(Beginning of Available data)

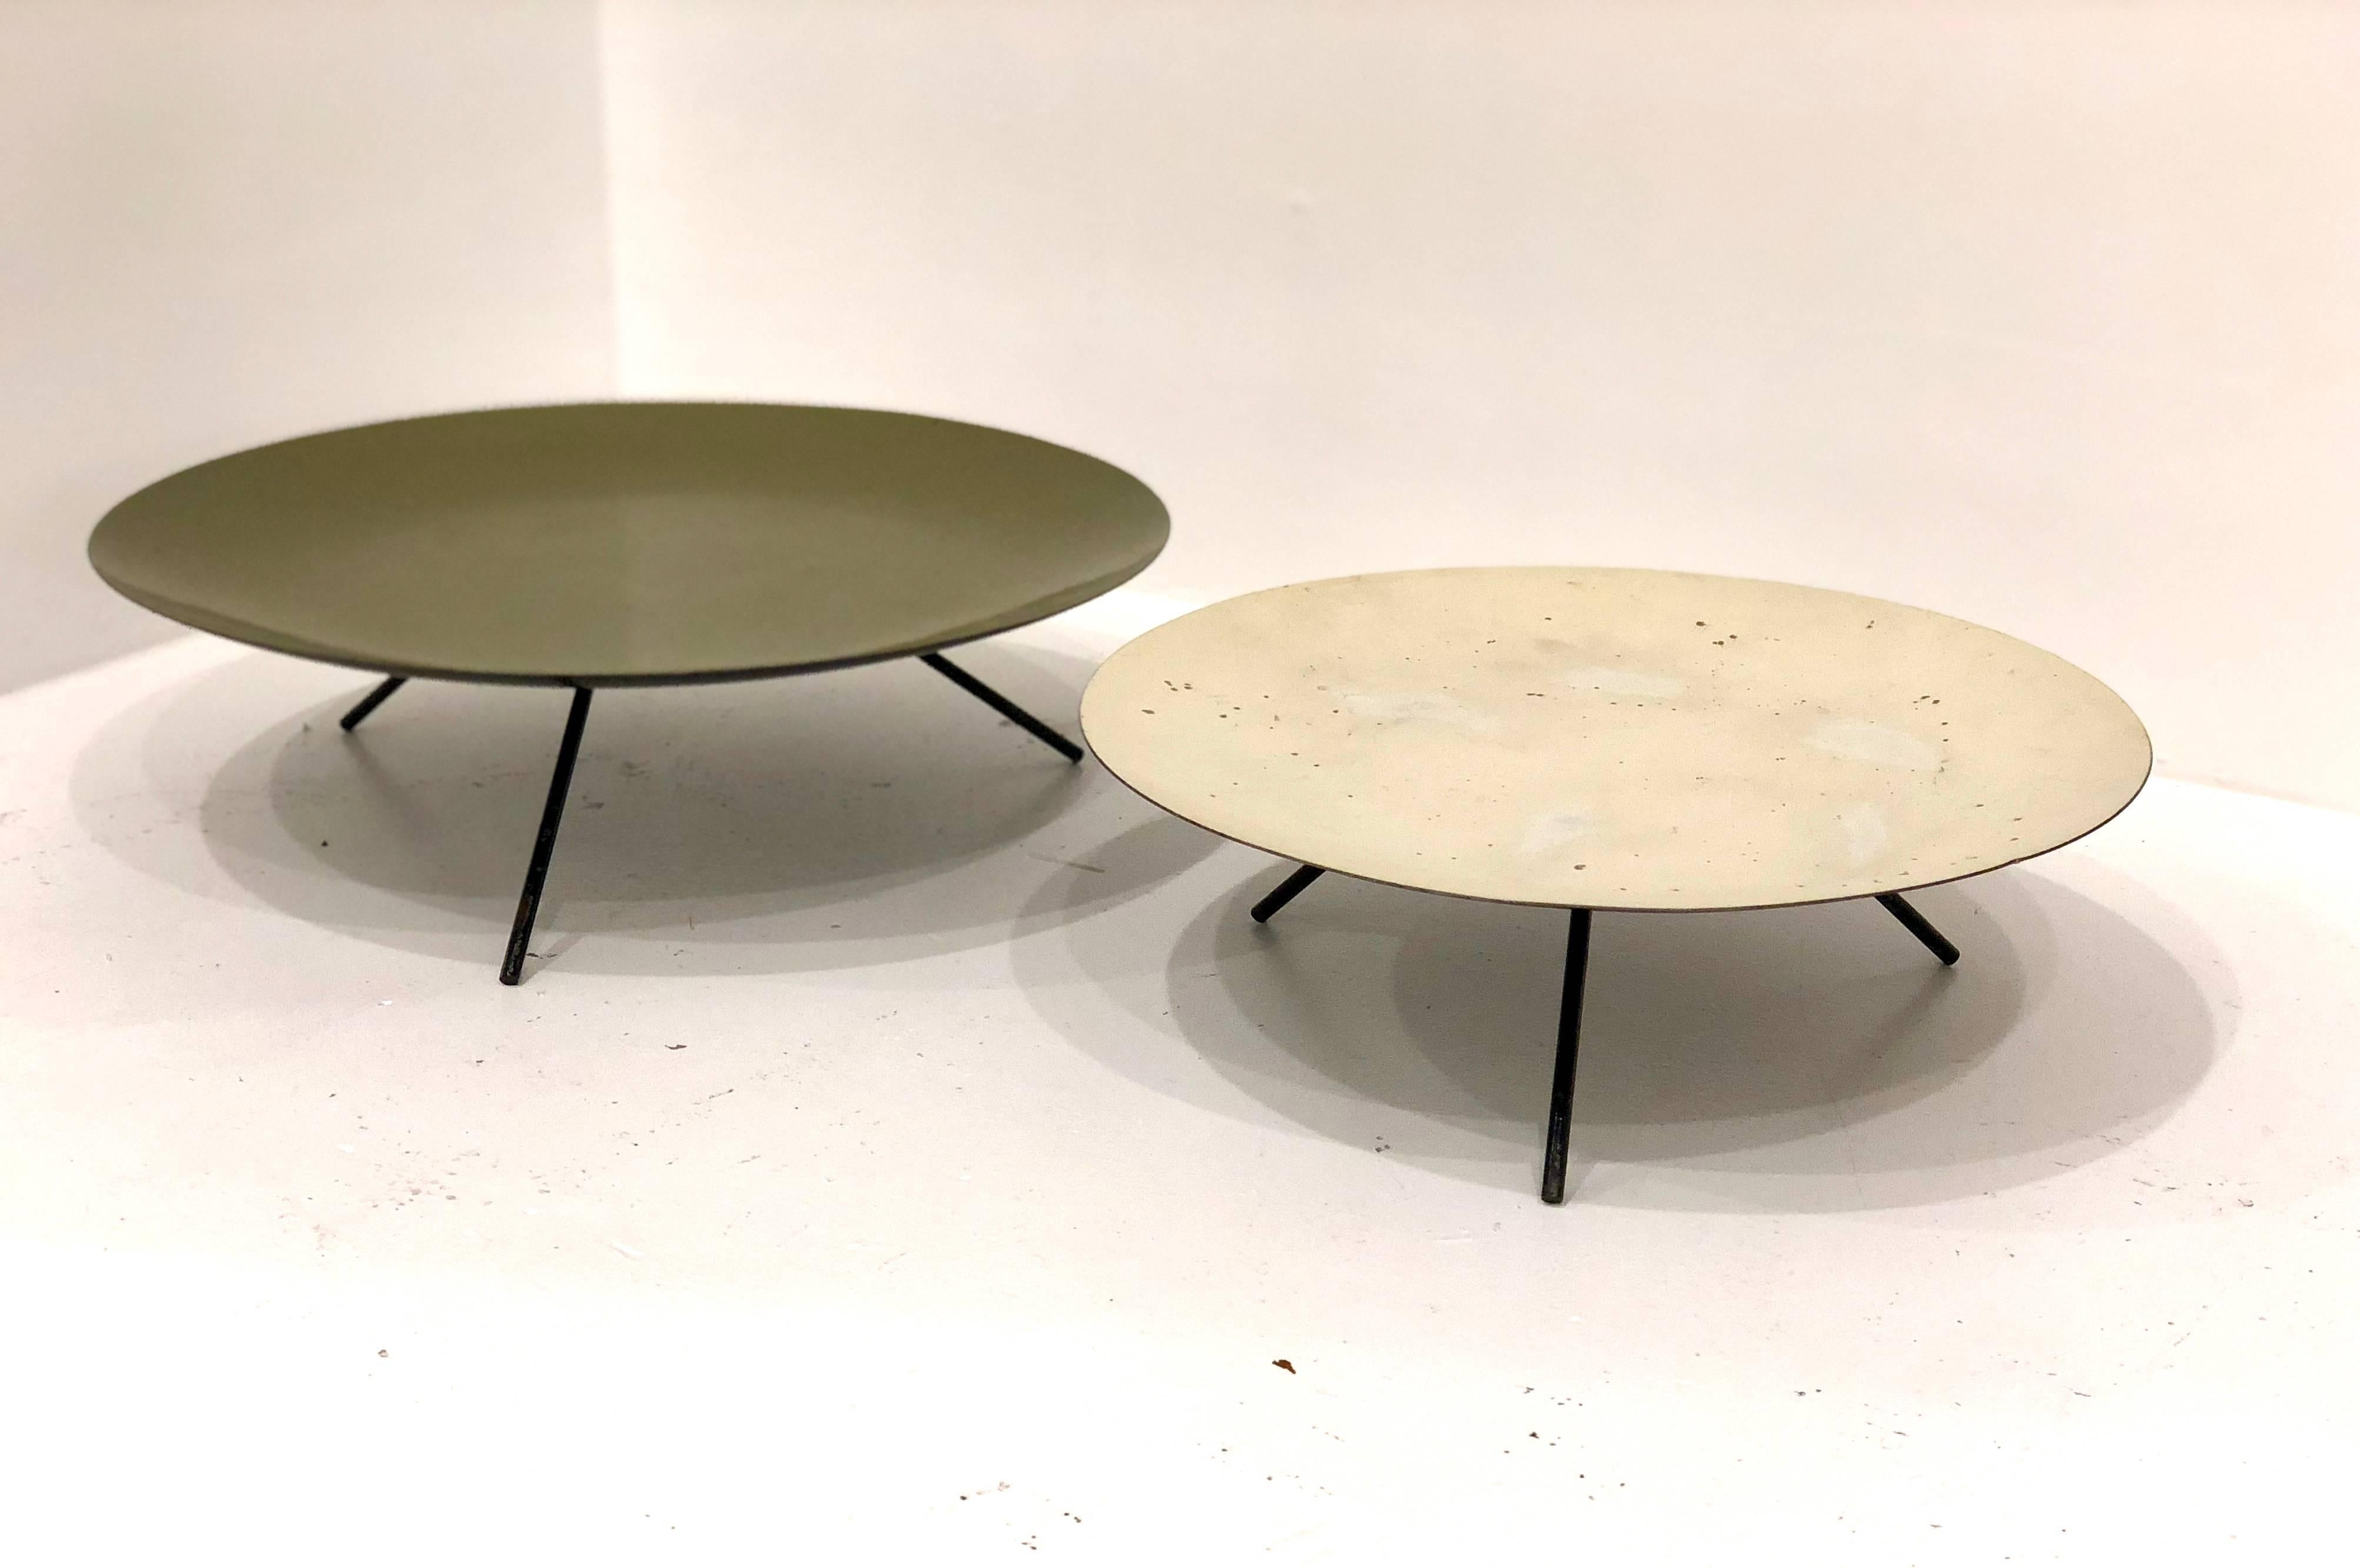 Unique and rare pair of triple legged, serving trays by Trend of California, circa 1950s enameled green and cream tops combo on a mate black bottom, and three mini legs welded two different heights and diameter sold in AS/IS condition rare pieces
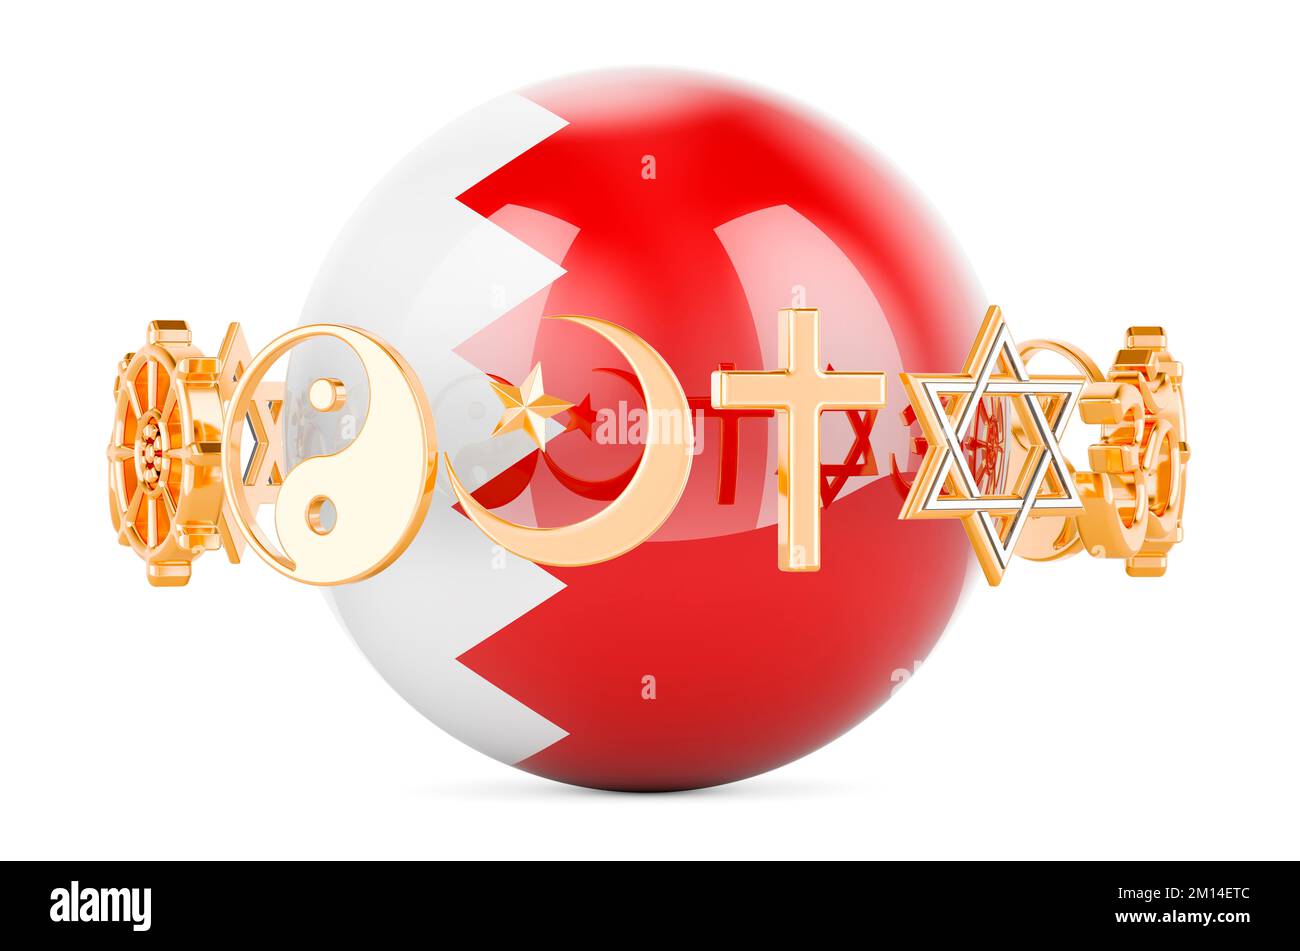 Bahraini flag painted on sphere with religions symbols around, 3D rendering isolated on white background Stock Photo
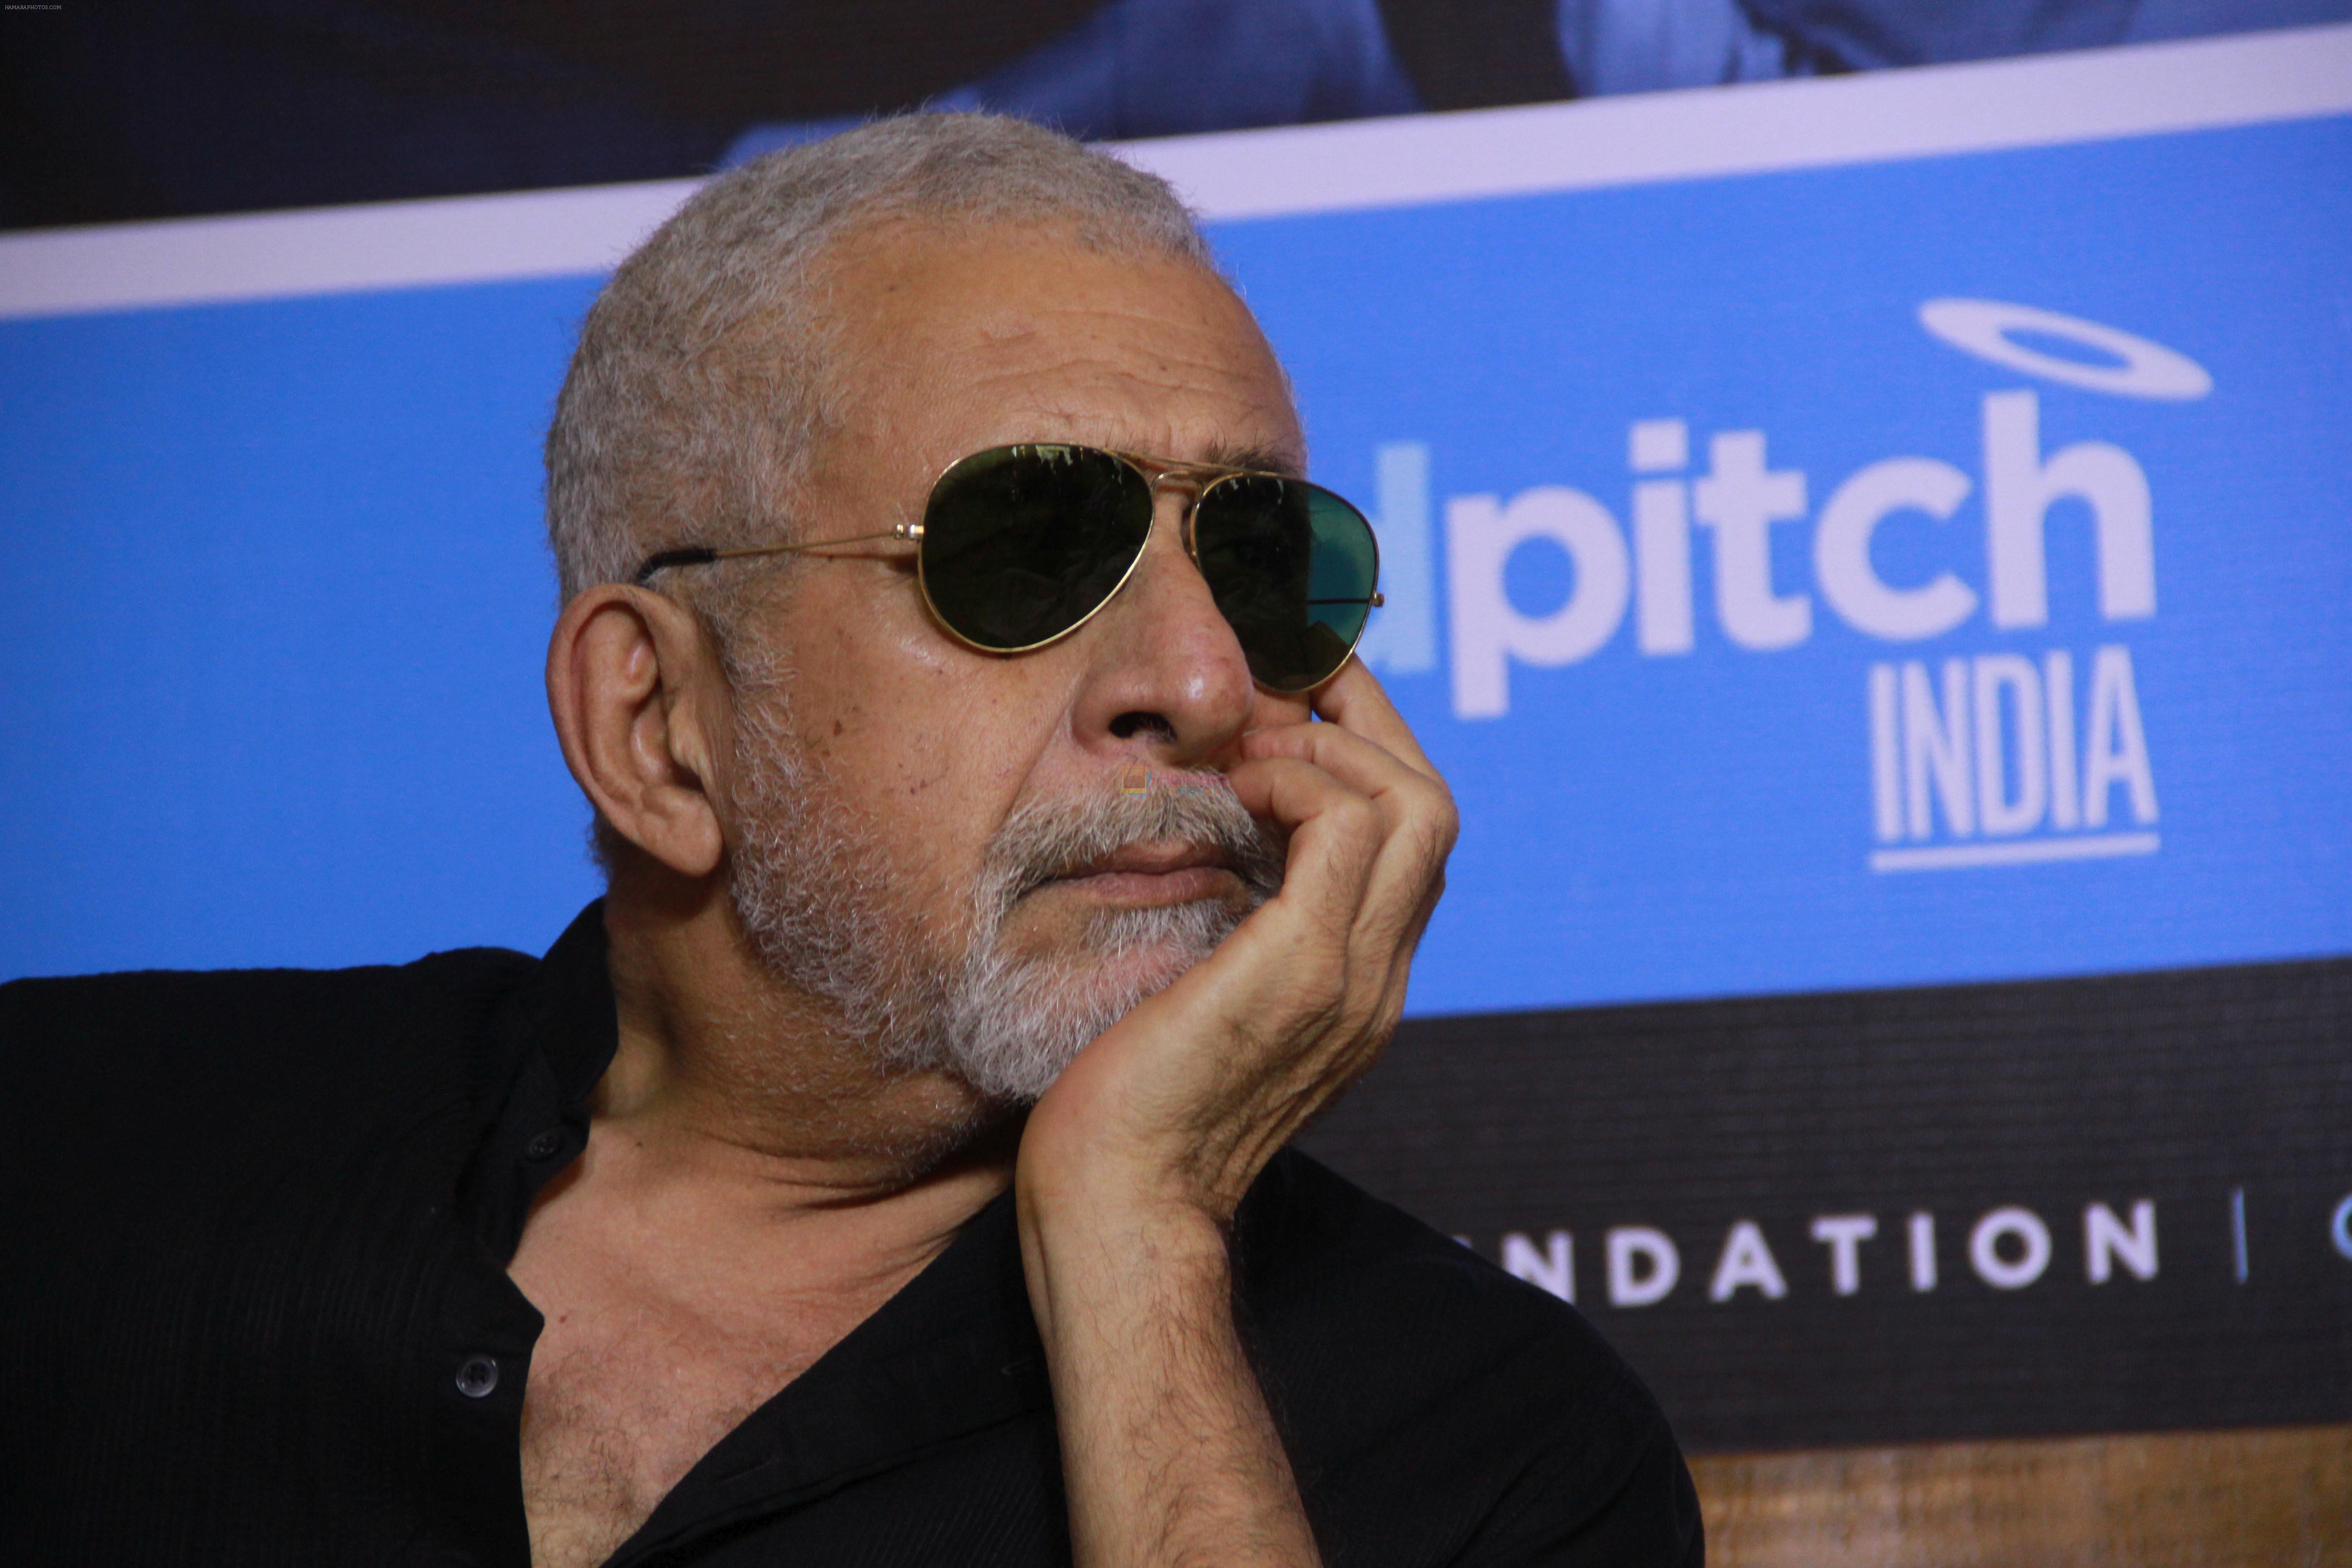 Naseeruddin Shah at the Press announcement for Good Pitch for films on 14th March 2018

(End of Available data)

Work item>
Each line from the line containing "Bahraini flag painted" through the last line above must be written out exactly, and every picture must be omitted.

Solution to the problem>
 Bahraini flag painted on sphere with religions symbols around, 3D rendering isolated on white background Stock Photo
 Naseeruddin Shah at the Press announcement for Good Pitch for films on 14th March 2018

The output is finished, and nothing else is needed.